It got me thinking... this girl is absolutely stunning, young and slim. I could quite easily say it is Karma on her part now with her insecurities and paranoia I wonder are some people never happy. I used to associate being slim with being happy with all aspects of my life. Yet here is a stunning slim girl who STILL has fears of losing her man (which if she carries on she will). I wonder if it is immaturity which no doubt it is but makes you think being slim and beautiful does NOT make for a perfect life. Maybe if she has ever been overweight and then had to slim down she would be a nicer person and appreciate the benefit of her looks. A very shallow view on my part but has got my grey cells ticking over that being slim and beautiful doesn't equate to a perfect life. For as much as I hate myself for getting overweight at times I am starting to feel a twisted sort of grateful that I did. I can learn to love myself for the hard work I am putting in and the appreciate even more so what it is like to be slim.

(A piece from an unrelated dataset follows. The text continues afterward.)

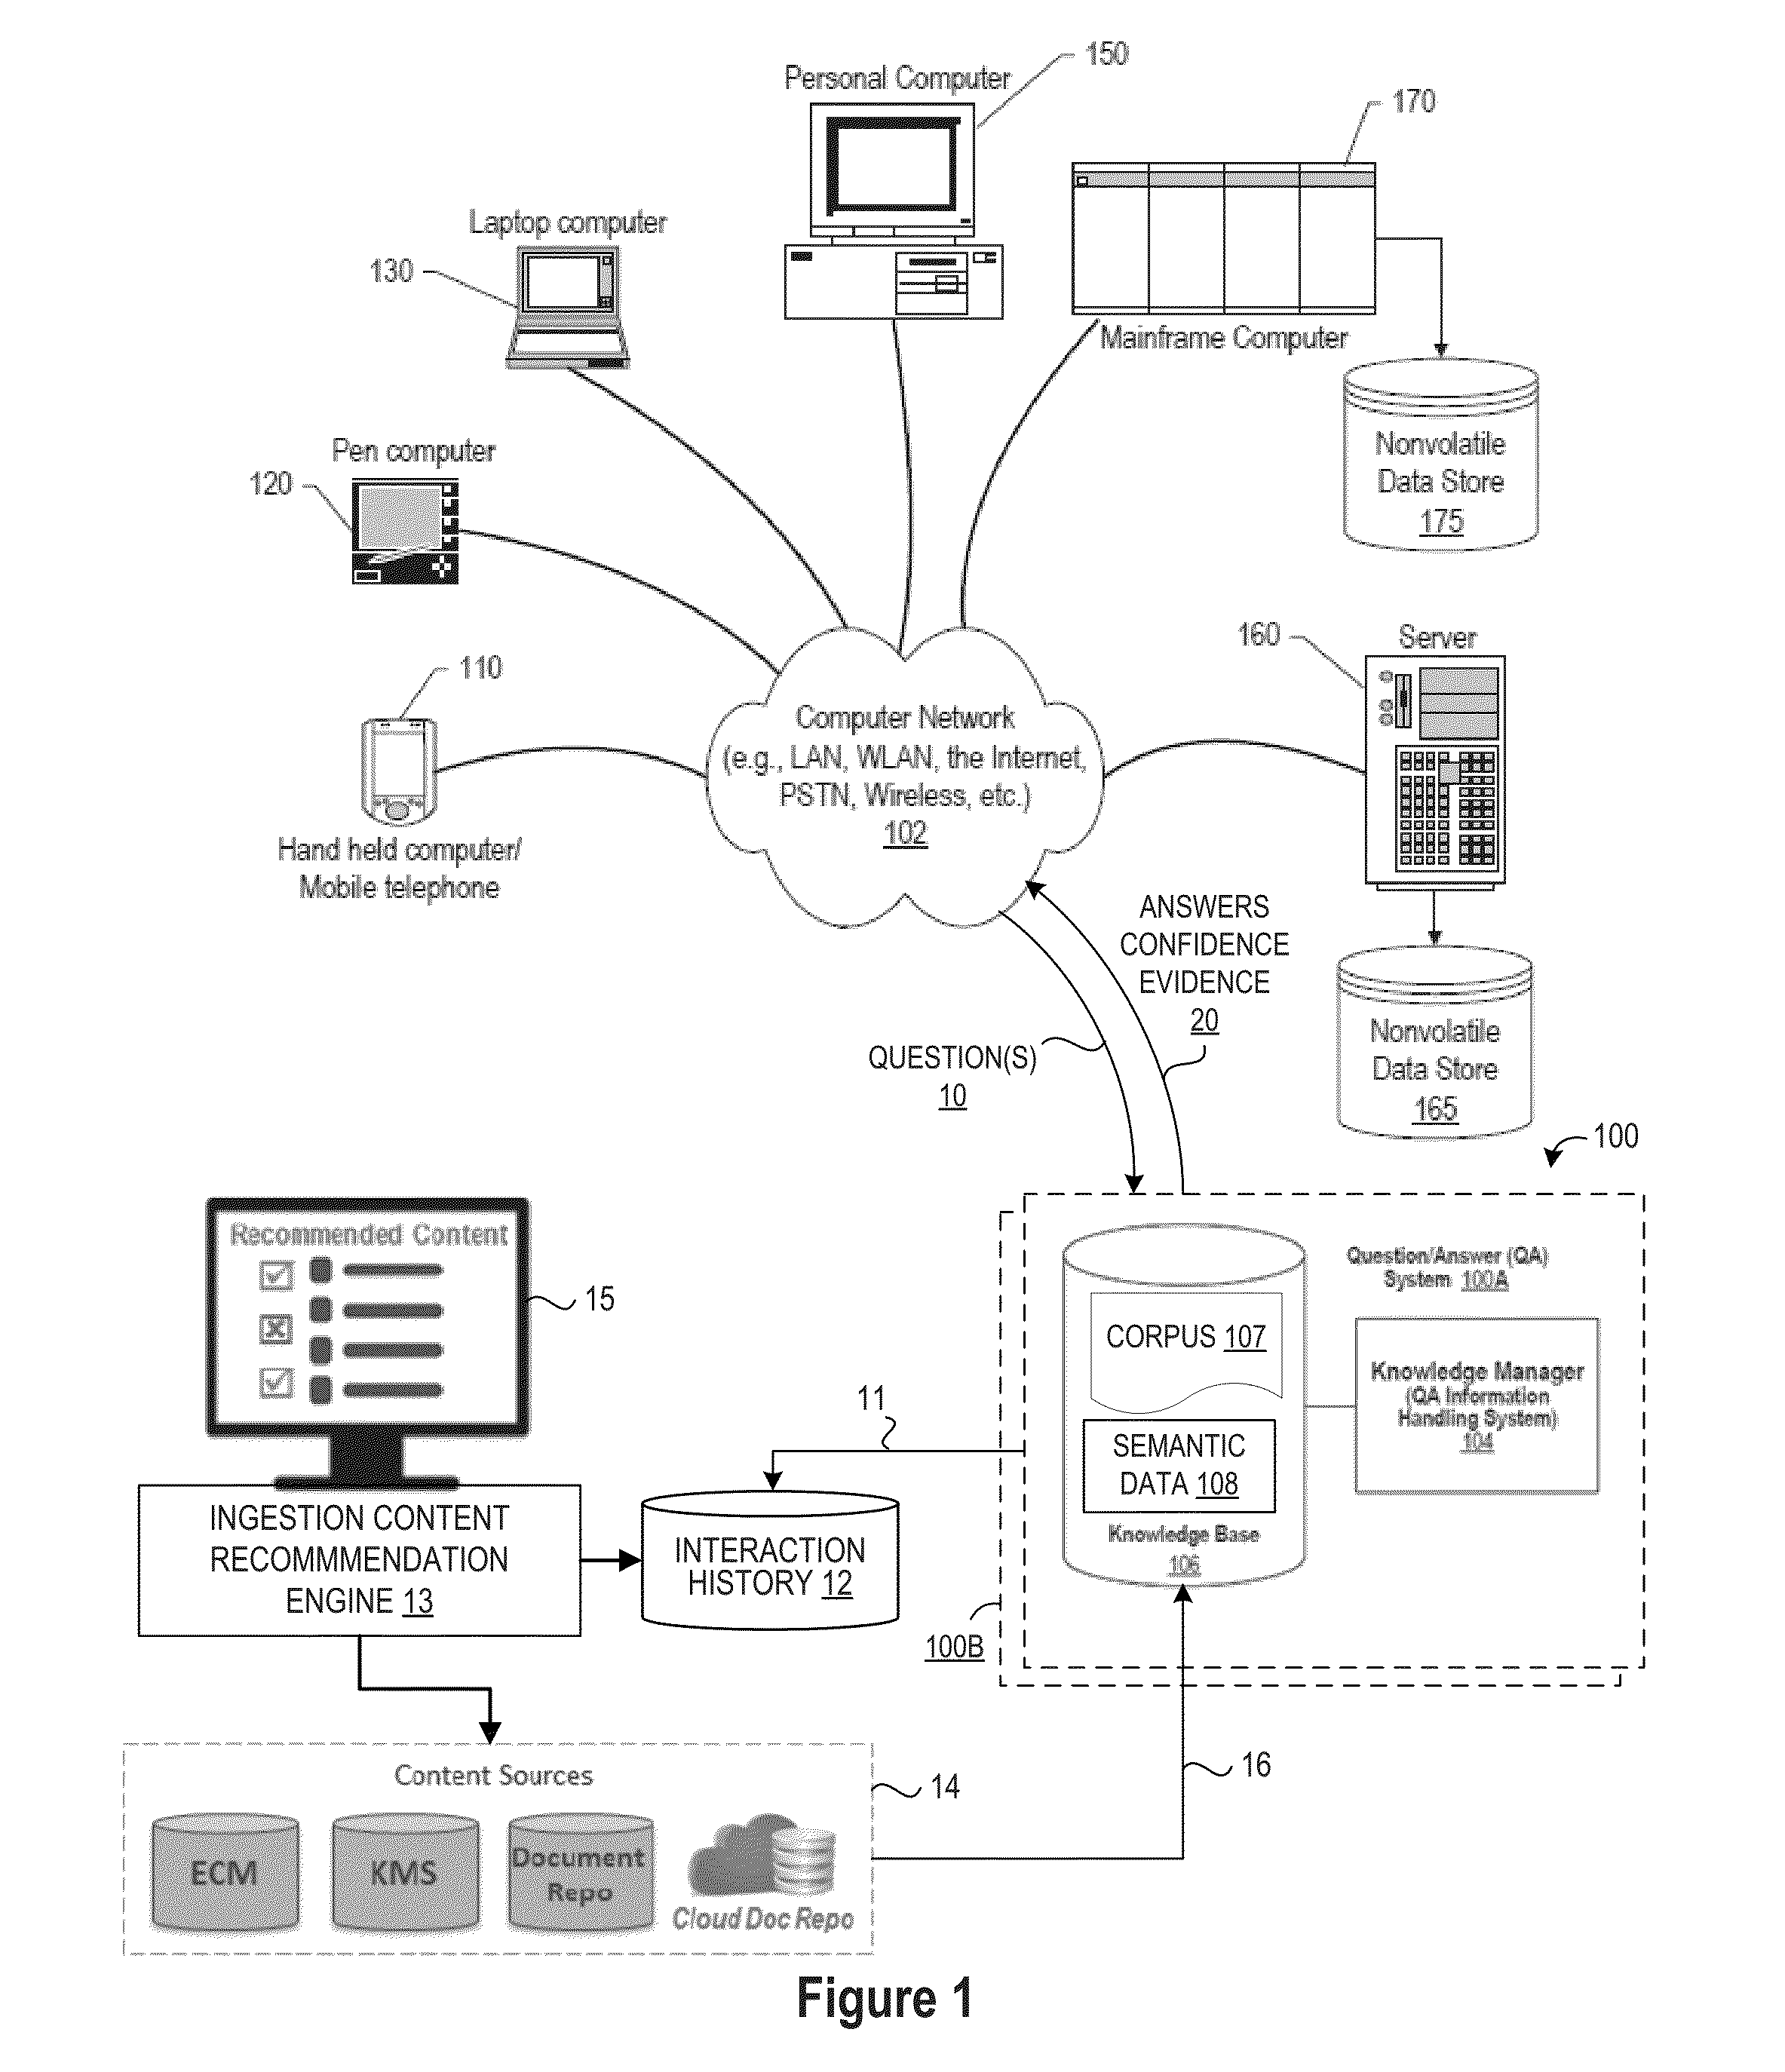 Method For Recommending Content To Ingest As Corpora Based On Interaction History In Natural Language Question And Answering Systems

I am probably now seen as a lunatic for my thinking but it starts a whole new process of thoughts about vanity and self image in general.... interesting set of events the crank did me a favour :)
 
Day 16- I can't even begin to think about today never mind type it.... Goodnight ;(x

Sent from my iPhone using MiniMins
 
Weigh in 3 tomorrow arrrggghhh what a week!

well what a mad crazy week I have had, crazy crank women, hospital every day and then a broken car :cry:

Thursday was just hellish beyond me completely yet I survived and didn't do my usual thing of hitting the wine and cheese. Whilst taking my Nan to hospital everyday for radiotherapy from Liverpool to over the water I had the joyous experience of the car screaming at me on the return journey. Now the journey involved the Mersey tunnel arrrgghhh as I was approaching it trying not to cause alram and stay calm and distract my Nan from what was going on my clutch had gone. The tunnel carries a £150 fine for breaking down in it GREAT.... I limped through and made it back. I then took it into the lads in work who informed me that not only ws the clutch gone but the gearbox too! :sigh: They have been fantastic and supplied me with another car and that cheered me up no end...until.... I then went to the petrol station and I couldn't get the fuel cap off with the key. In fear of snapping the key in the lock I just gave up and burst into tears like an idiot whilst I was being shouted at over the tanoy onto the forecourt. I can see how amusing this is now to watch but I was an absolute blubbering wreck. I am not one for crying certainly not in public and I just felt like giving up there and then and going to the chippy and off licence on my way home :sigh: BUT I DIDN'T!!!!!! :)
A very kind man helped me out and must have thought I was a lunatic over something so small but I just couldn't tell him about my day for my tears and expressions of thanks to him. Bless I may even write into the the local paper to thank him and apologise for my mental breakdown he was adorable... and rather cute I may say! Don't think my running nose and mascara strewn face stood me in any good stead of getting his number mind, yet he restored my faith in humans beings :)

I didn't realise how emotional I had become on this diet it's odd I am turning into a right old softy. Is it the diet or am I just melting the older I get?

I have been having another odd battle in my head this week. I have met soooo many different people from all over the place with different types of cancer who have been nothing but an inspiration. Each individual story has been heartbreaking and unique in their own way but with one common factor that each person shares the same feeling ...fear.

I have had the whole "life is too short to not enjoy it just eat what you like" thoughts and then I think.. hold on the majority of people I have met do not smoke or eat & drink excessively they have just been hit by a terrible cruel cruel disease. I owe it to myself to look after my body the best I can and "life is too short enjoy yourself" attitude has now been translated in my mind as to how many days I have wished I was slimmer... and have I really enjoying myself and making the most of my life? NO.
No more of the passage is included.